A Myosin Light Chain Is Critical for Fungal Growth Robustness in Candida albicans

In a number of elongated cells, such as fungal hyphae, a vesicle cluster is observed at the growing tip. This cluster, called a Spitzenkorper, has been suggested to act as a vesicle supply center, yet analysis of its function is challenging, as a majority of components identified thus far are essential for growth. Here, we probe the function of the Spitzenkorper in the human fungal pathogen Candida albicans, using genetics and synthetic physical interactions (SPI). We show that the C. albicans Spitzenkorper is comprised principally of secretory vesicles. Mutant strains lacking the Spitzenkorper component myosin light chain 1 (Mlc1) or having a SPI between Mlc1 and either another Spitzenkorper component, the Rab GTPase Sec4, or prenylated green fluorescent protein (GFP), are viable and still exhibit a Spitzenkorper during filamentous growth. Strikingly, all of these mutants formed filaments with increased diameters and extension rates, indicating that Mlc1 negatively regulates myosin V, Myo2, activity. The results of our quantitative studies reveal a strong correlation between filament diameter and extension rate, which is consistent with the vesicle supply center model for fungal tip growth.
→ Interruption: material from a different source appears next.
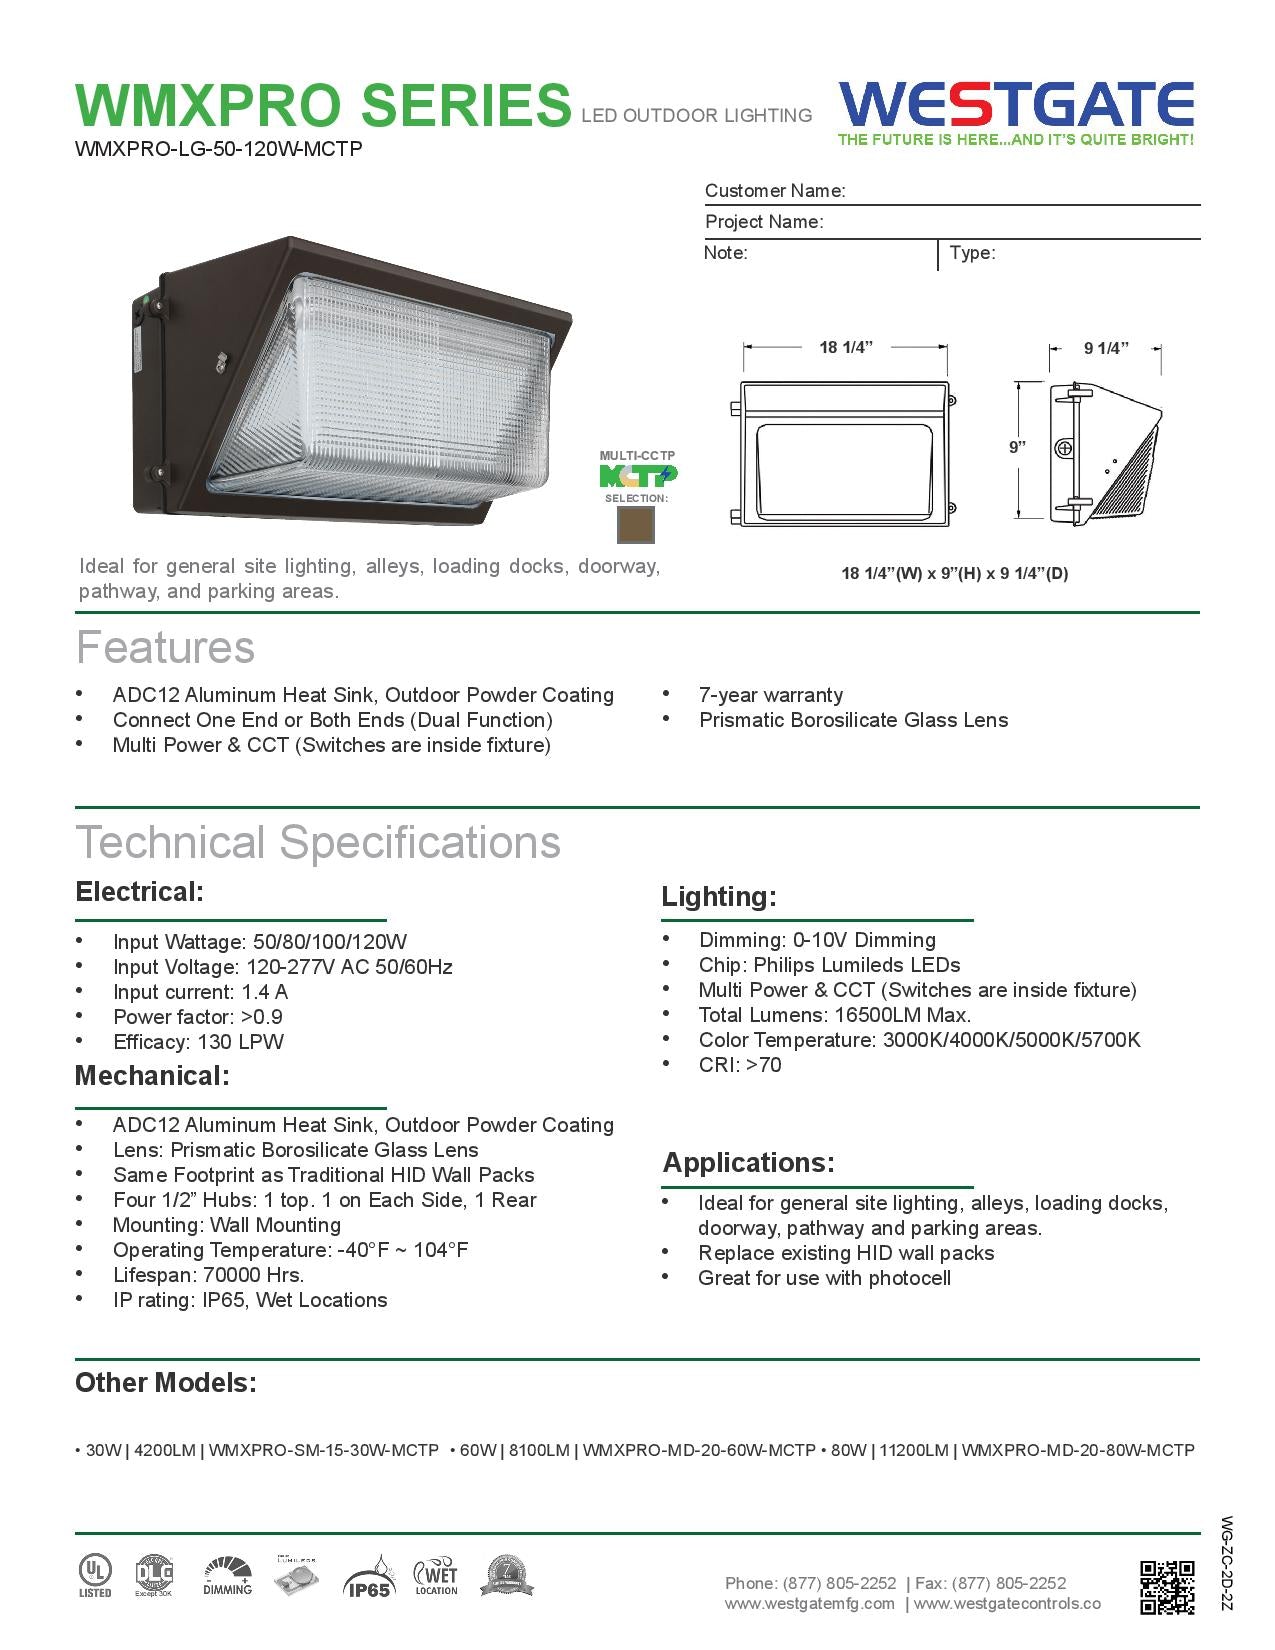 WESTGATE LED Multi-Power & Multi-CCT Non-Cutoff Wall Packs (WMX-SERIES)

Together, our results indicate that the Spitzenkorper protein Mlc1 is important for growth robustness and reveal a critical link between filament morphology and extension rate. IMPORTANCE Hyphal tip growth is critical in a range of fungal pathogens, in particular for invasion into animal and plant tissues. In Candida albicans, as in many fila-mentous fungi, a cluster of vesicles, called a Spitzenkorper, is observed at the tip of growing hyphae that is thought to function as a vesicle supply center. A central prediction of the vesicle supply center model is that the filament diameter is proportional to the extension rate. Here, we show that mutants lacking the Spitzenkorper component myosin light chain 1 (Mlc1) or having synthetic physical interactions between Mlc1 and either another Spitzenkorper component or prenylated GFP, are defective in filamentous growth regulation, exhibiting a range of growth rates and sizes, with a strong correlation between diameter and extension rate. These results suggest that the Spitzenkorper is important for growth robustness and reveal a critical link between filament morphology and extension rate.